◆ REQUIRED ACTION ◆
There are pictures in the records below; leave them out and set down exactly the lines from the one holding "Off-white tank dress with off embroidery-0" through the one holding "Mistakes can be".

◆ DATA SECTION ◆
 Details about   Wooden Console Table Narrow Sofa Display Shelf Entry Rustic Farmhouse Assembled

==

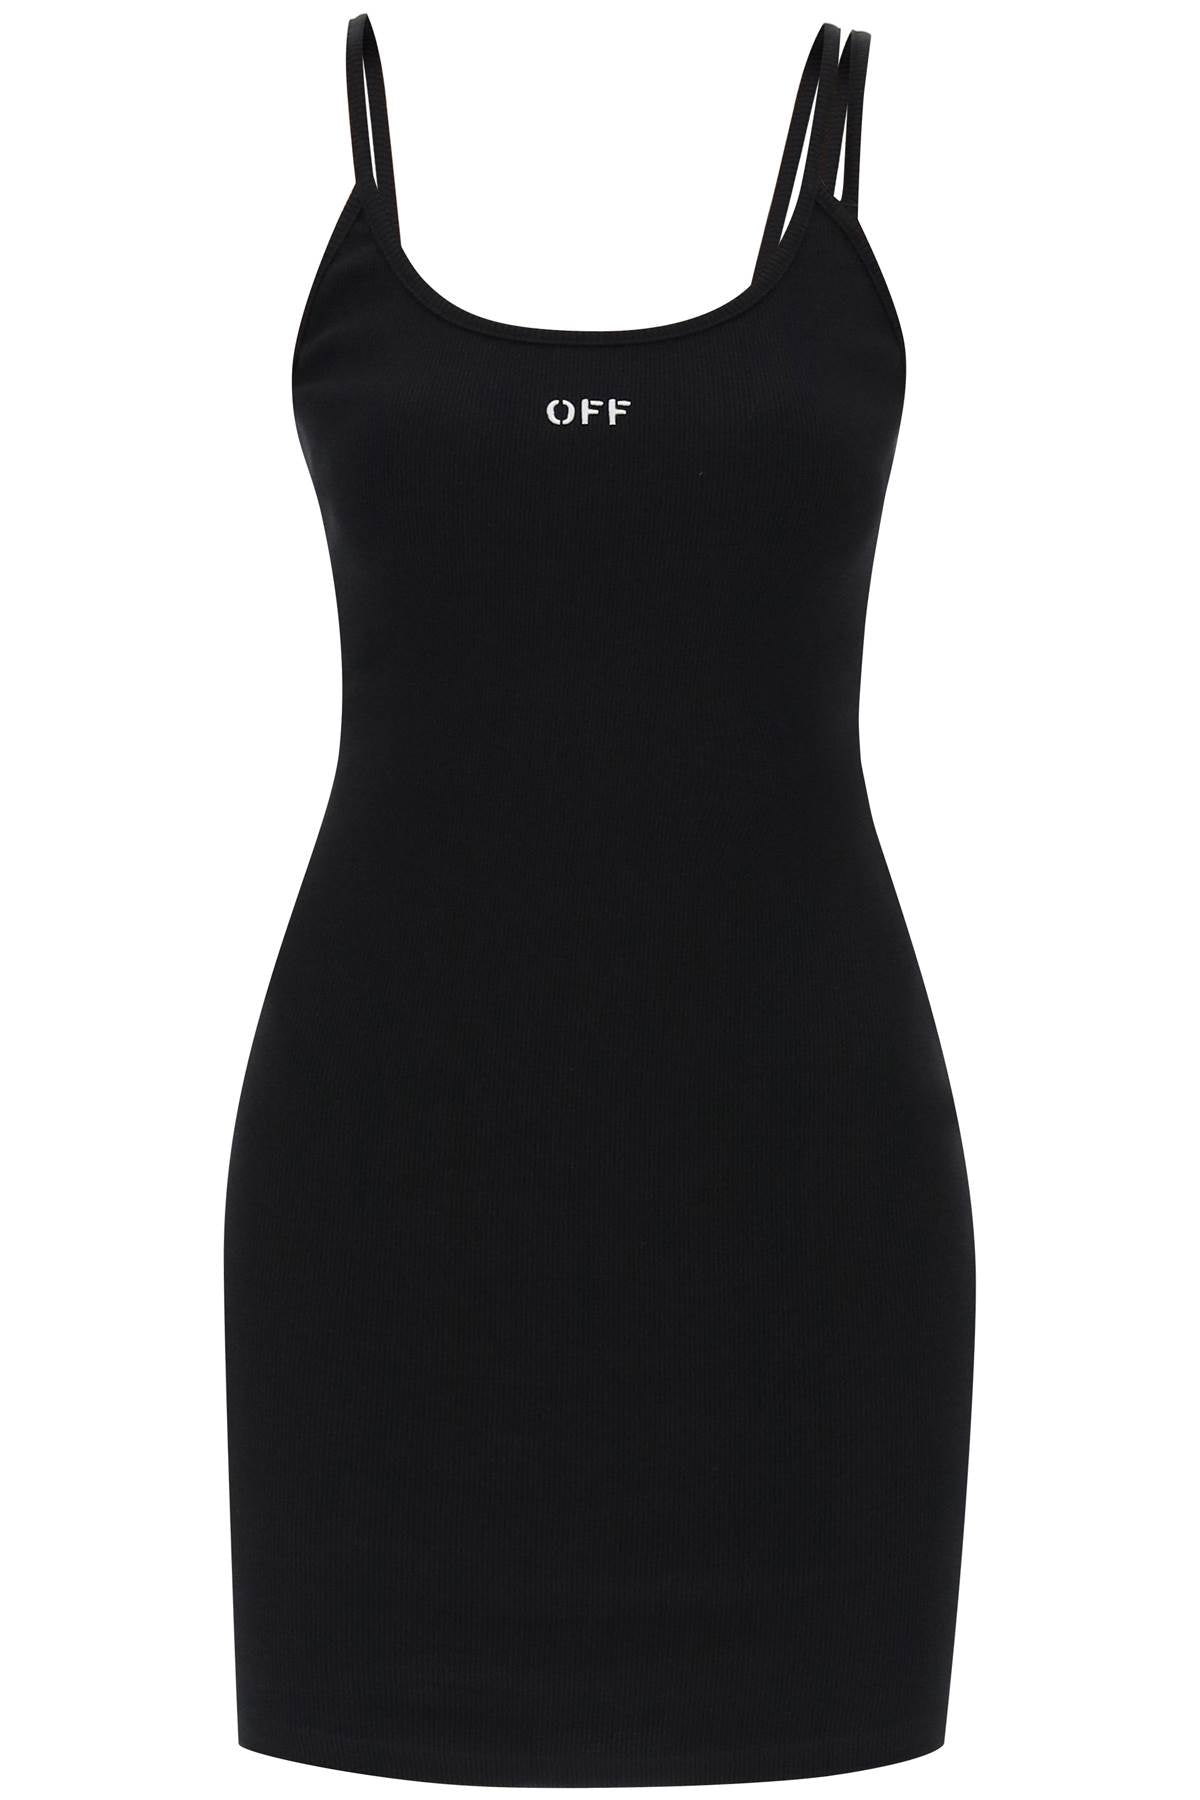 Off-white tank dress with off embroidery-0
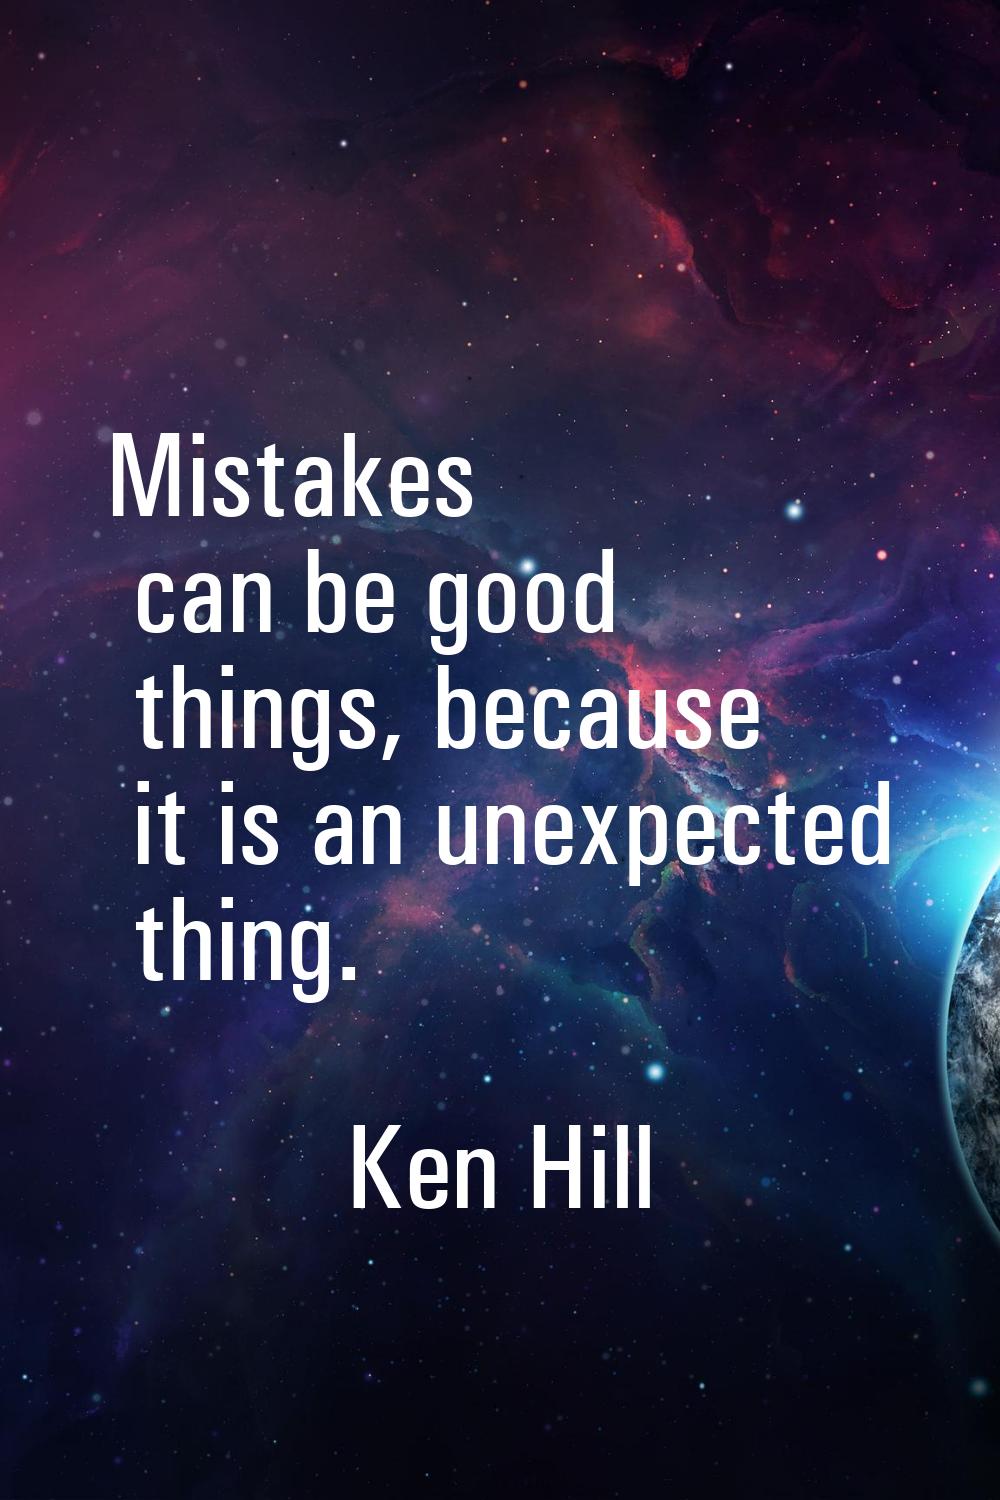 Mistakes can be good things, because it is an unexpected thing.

◆ EXERCISE RESPONSE ◆
 Off-white tank dress with off embroidery-0
 Mistakes can be good things, because it is an unexpected thing.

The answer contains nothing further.